Read the terms of use / contract for Meta AI products. If you deploy it, some producer finds the model spits out copyrighted content, knocks on Meta's door, Meta will point to you for the rest of the court case. If that's the future for AI, then it doesn't really matter whether China wins.

7 comments

> Read the terms of use / contract for Meta AI products. If you deploy it, some producer finds the model spits out copyrighted content, knocks on Meta's door, Meta will point to you for the rest of the court case. If that's the future for AI, then it doesn't really matter whether China wins.

As much as I hate Facebook, I think that seems pretty… reasonable? These AI tools are just tools. If somebody uses a crayon to violate copyright, the crayon is not to blame, and certainly the crayon company is not, the person using it is.

The fact that Facebook won’t voluntarily take liability for any thing their users’ users’ might do with their software means that software might not be useable in some cases. It is a reason to avoid that software if you have one of those use cases.

But I think if you find some company that says “yes, we’ll be responsible for anything your users do with with our product,” I mean… that seems like a hard promise to take seriously, right?

This is a bad analogy. The factory producing crayons doesn’t need to ingest hundreds of millions of copyrighted works as a fundamental part of its process to make crayons.
I don’t think it is a bad analogy, it is just separating out the issues.
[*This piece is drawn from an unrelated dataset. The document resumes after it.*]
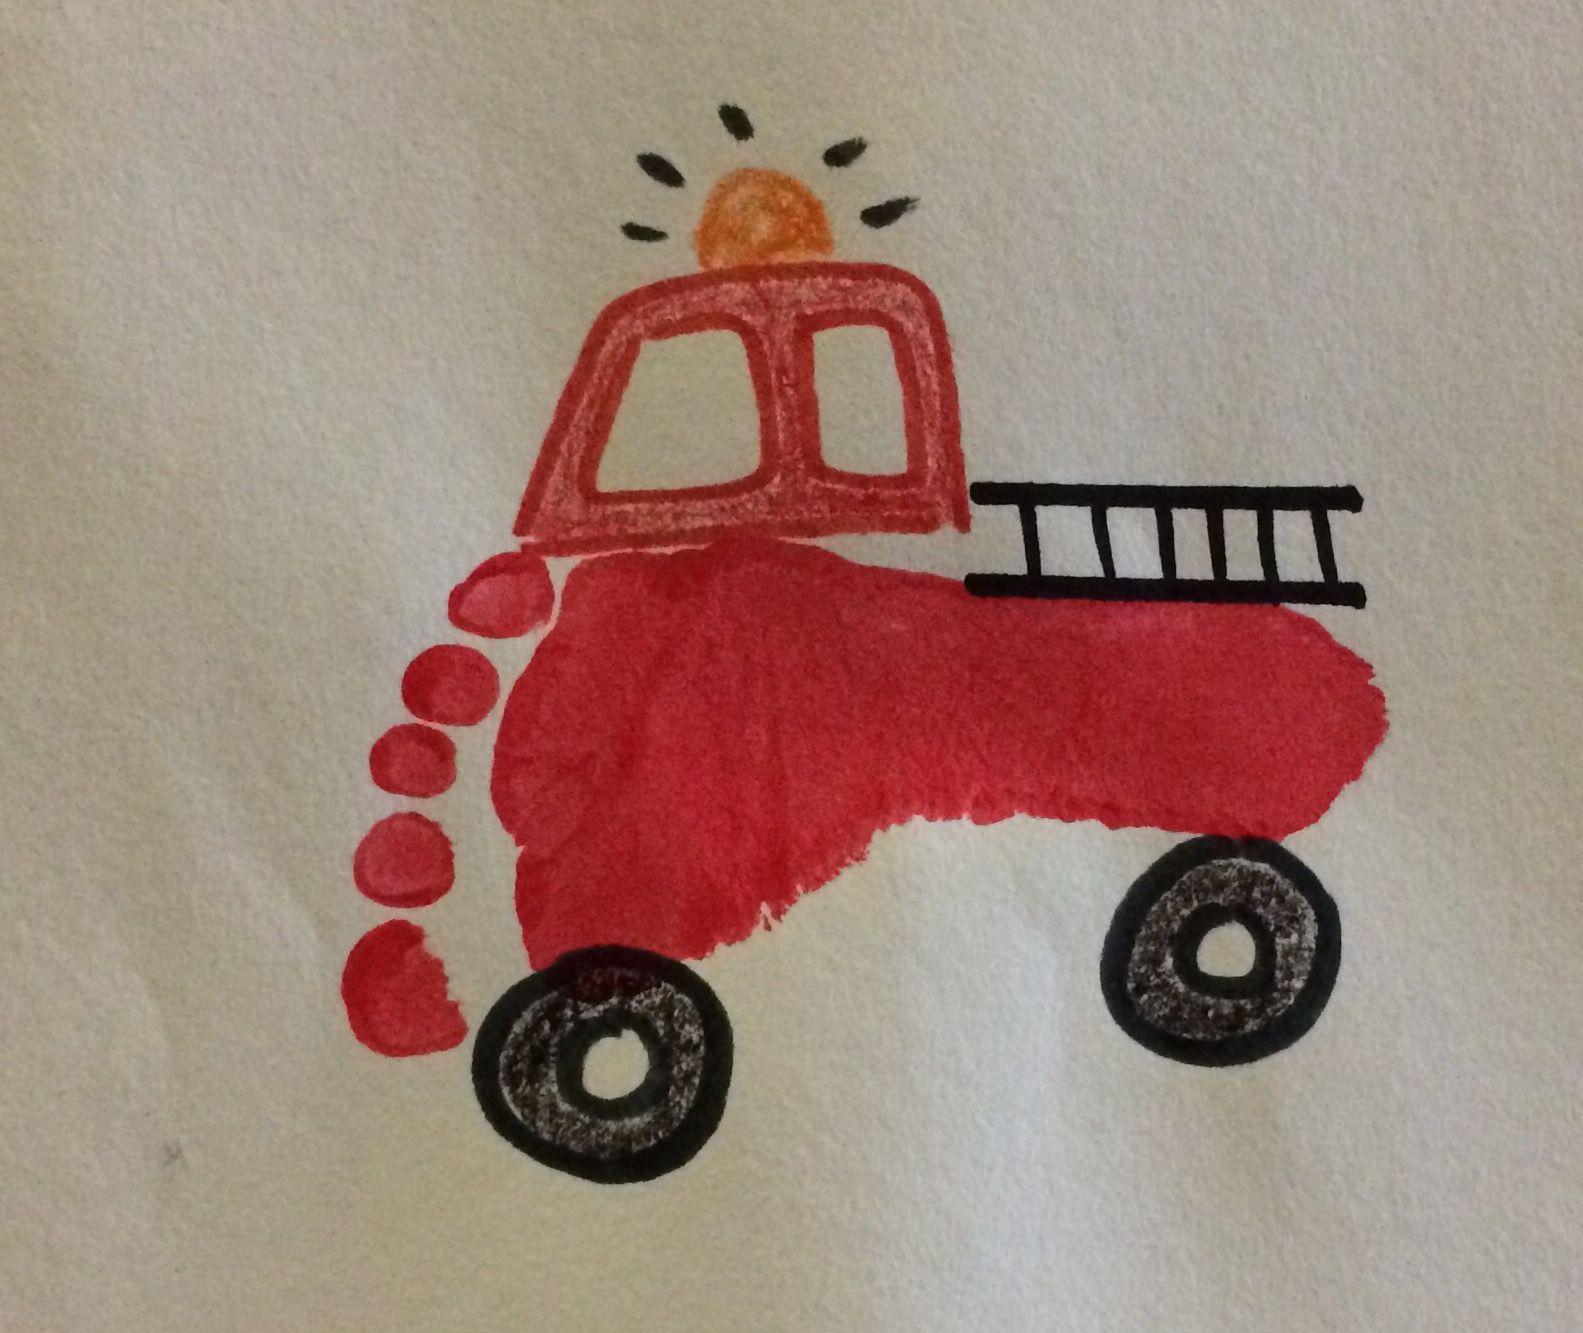 foot print fire truck art footprint and handprint art

If the thing required breaking the law to make, it just shouldn’t have been made. But, in that case, Facebook should not accept liability for how their users use the thing. They should just not share it at all, and delete it.
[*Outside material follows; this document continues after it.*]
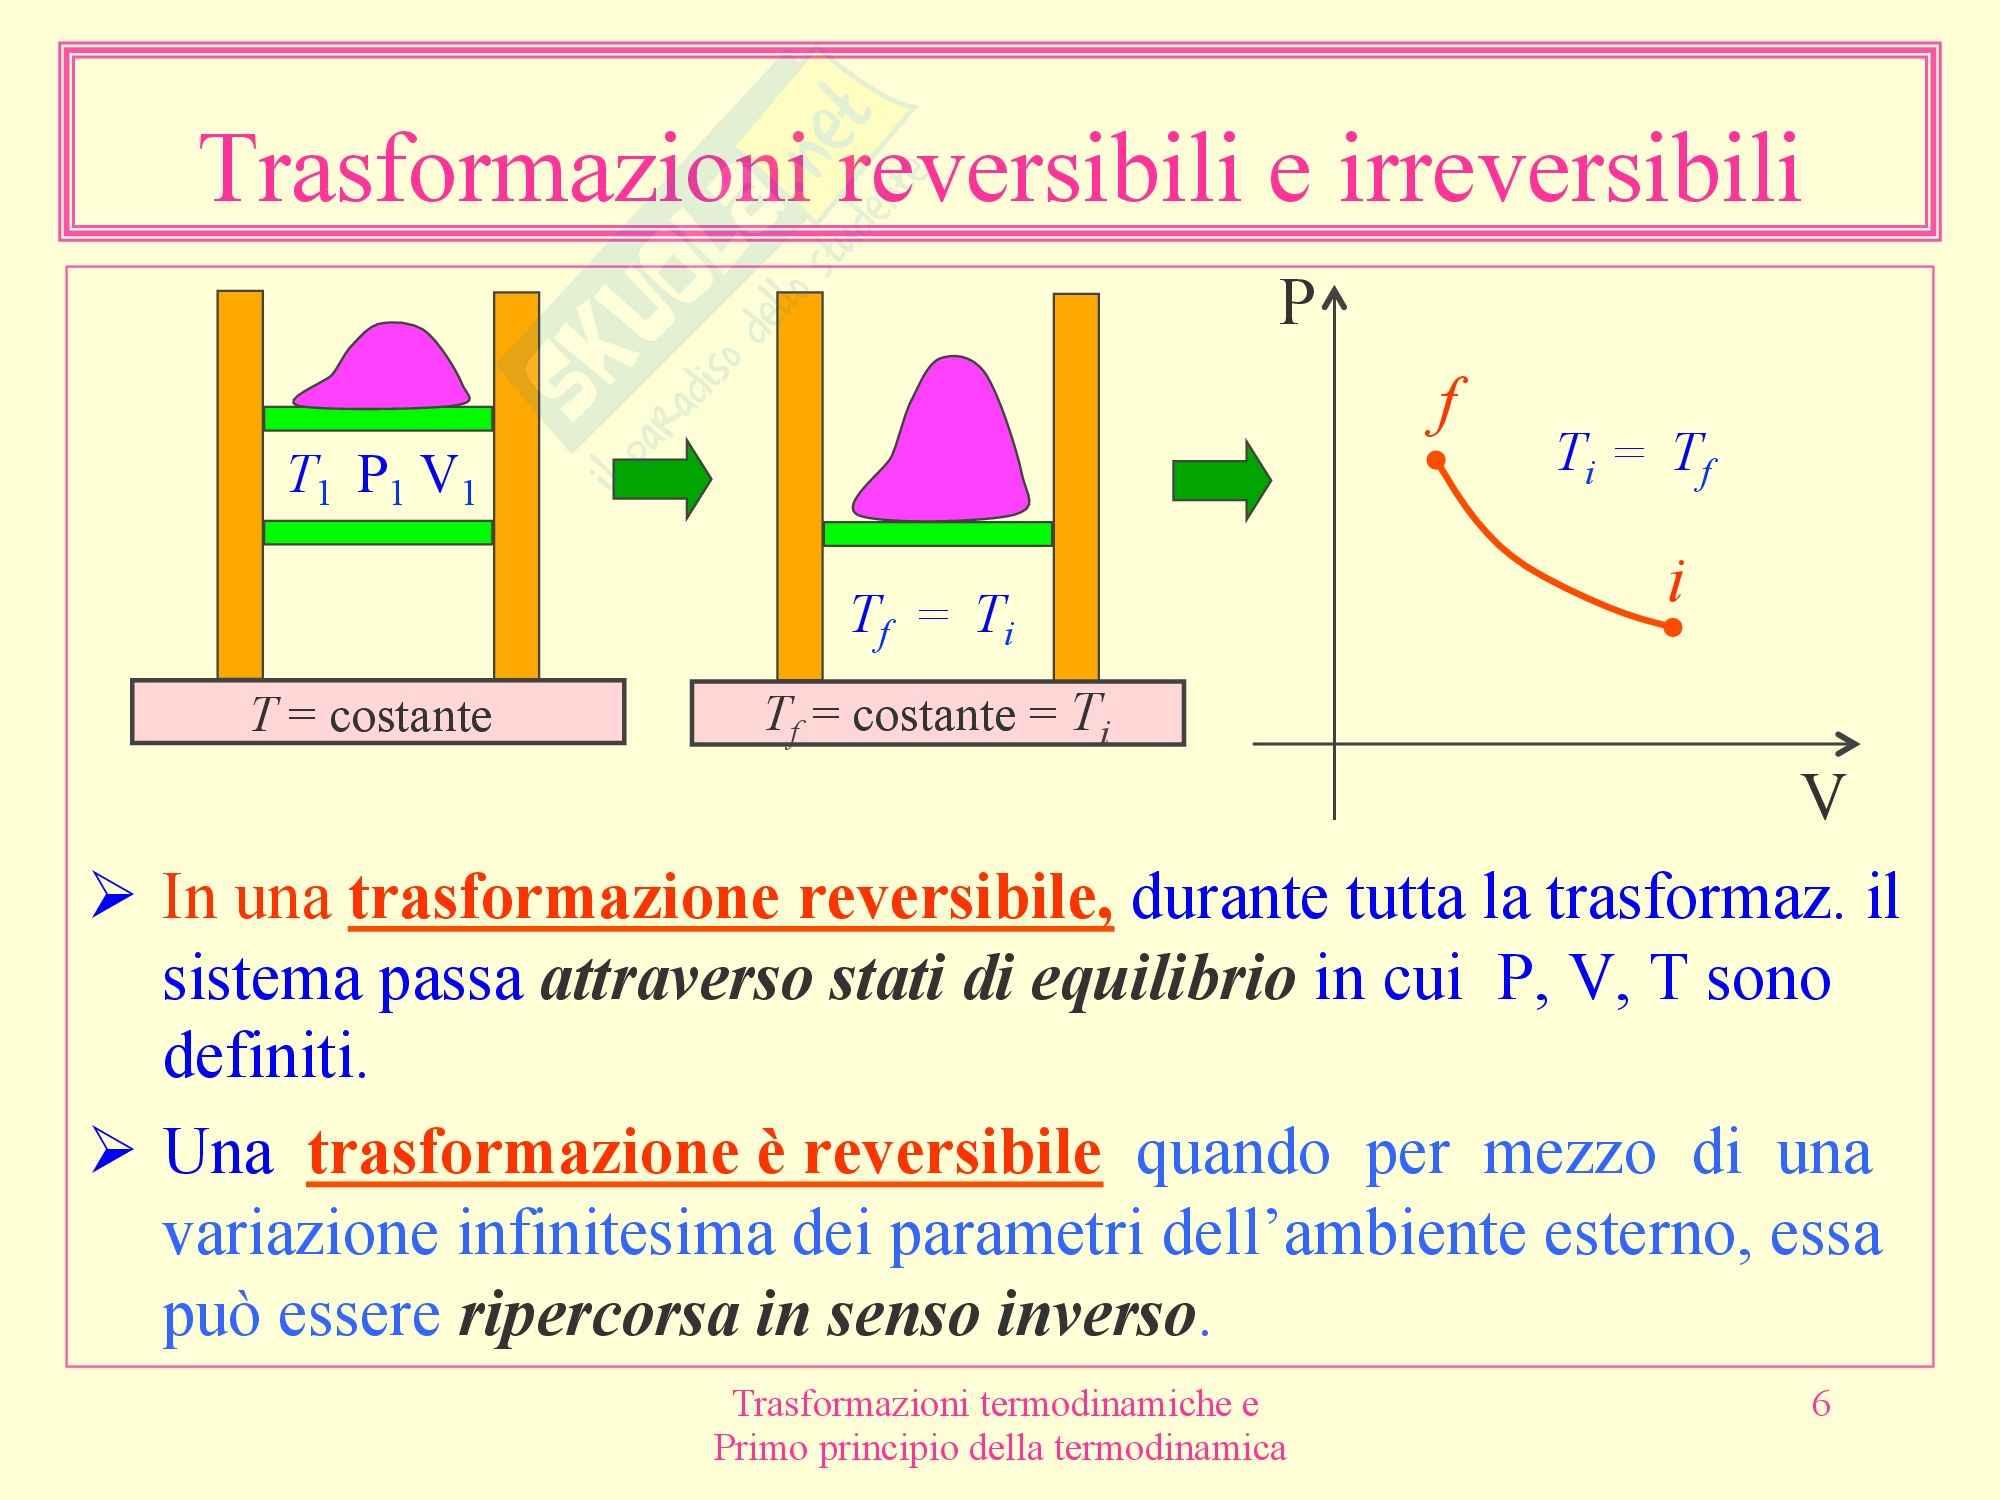 Fisica medica - termodinamica Pag. 6

Crayons aren’t made by mashing people’s artwork through a gpu.

Crayons don’t generate content either.

If I download something from megaupload (rip) megaupload is the one that gets in trouble. They are storing, compressing, and shipping that information to me.

The same thing happens with AI, the information is just encoded in the model weights instead of a video or text encoding or whatever. When you download a model, you’re downloading a lossy compressed version of all the data it was trained on.
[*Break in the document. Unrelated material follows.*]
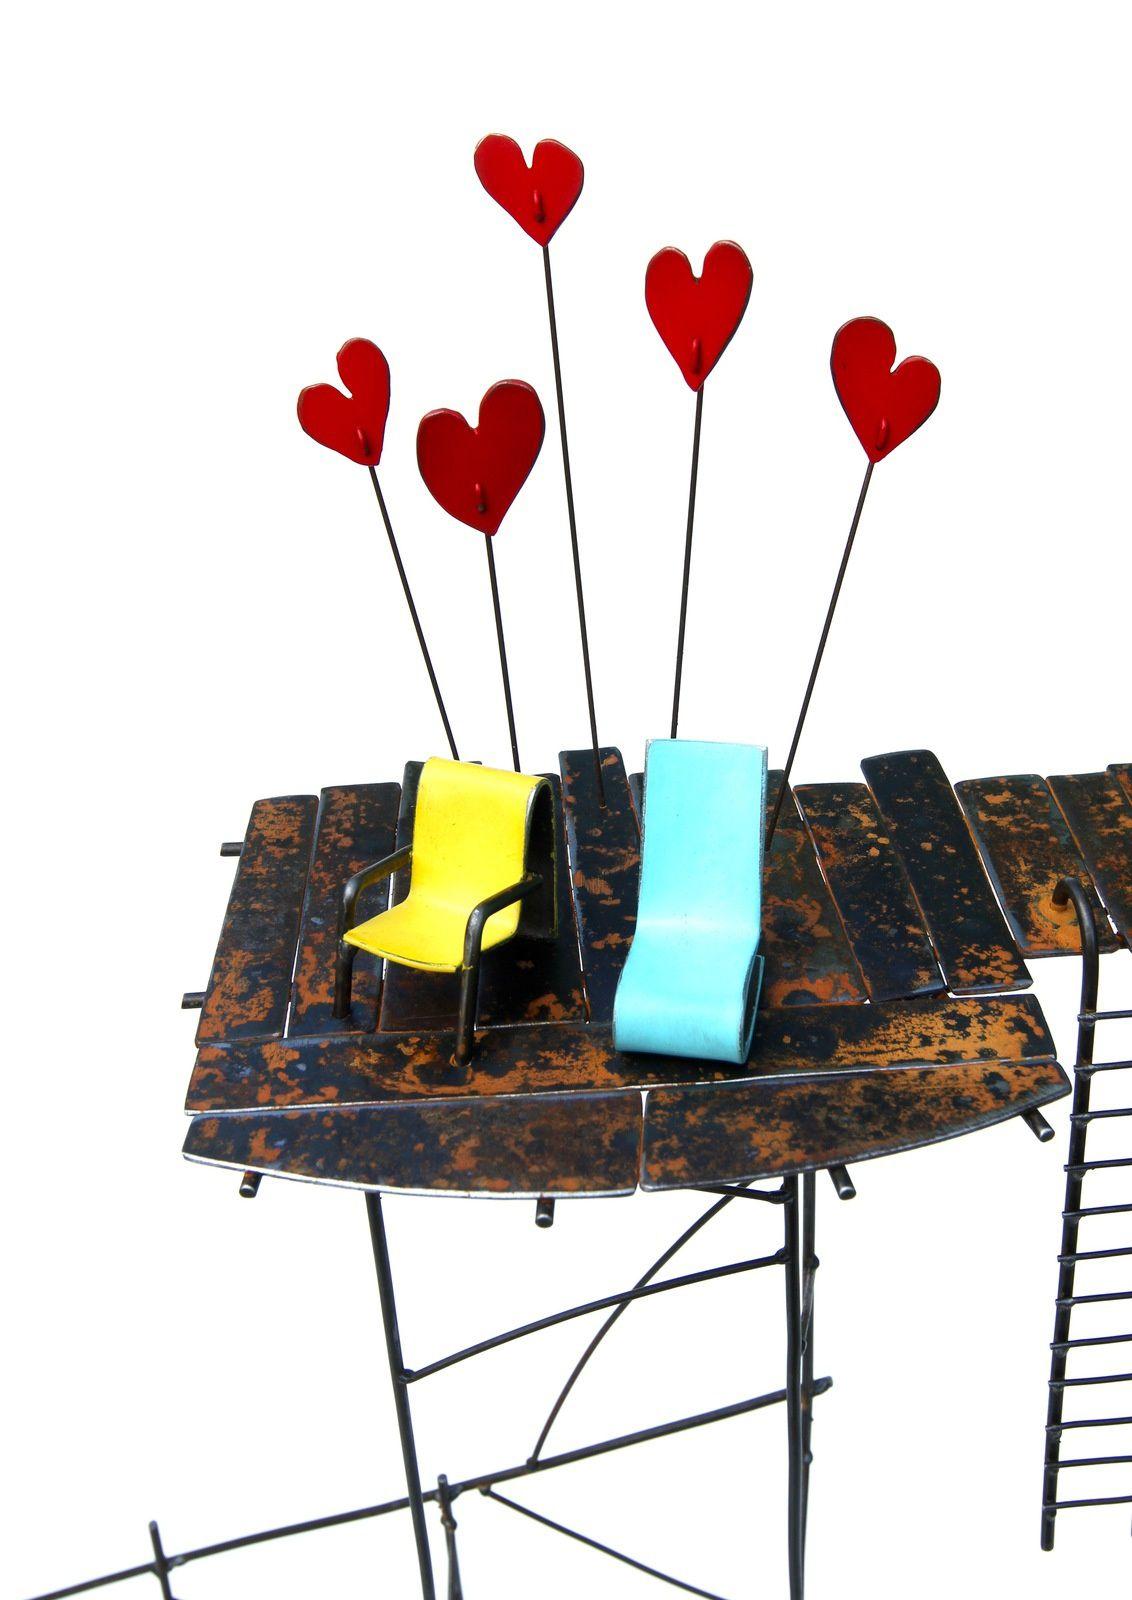 Un motel en Normandie, acier,  h: 81 cm, l'amour 2 (le retour), acier,  h: 75 cm, la construction contemplative pour un coeur, acier, béton h: 63 cm. L: 80 cm environ.

This seems more like an argument that the model just shouldn’t have been created, or that it shouldn’t be used. If a model is just an lossy compressed version of a bunch of infringing content, why would Facebook (or OpenAI, or anybody else hosting a model and providing an API to it) be in the clear?
To be fair, maybe yes, these models shouldn’t have been created. Well they have been created so now we need a new novel way to make sure they don’t damage other people’s work. Something like this did not exist before, and therefore needs a new set of rules that the model creators, with all their might and power, are trying to strongly lobby against.
Tech likes to follow the “ask for forgiveness, not for permission “ motto.

If OpenAI, Facebook, or whoever asked for permission to gobble up all publicly visible data to train a program to output statistically similar data, I don’t believe they would’ve got the permission.

In that sense, I don’t think these models should’ve been made.

I dont think any of those companies would be in the clear. That’s my point.

AI is a copyright black hole, albeit a useful one.

Let's say a factory builds a mega puzzle from many images shredded to identically-shaped puzzle pieces so you can piece them together as you want or need. Some pieces from some images are omitted due to their closeness in image space or due to them being infrequent enough.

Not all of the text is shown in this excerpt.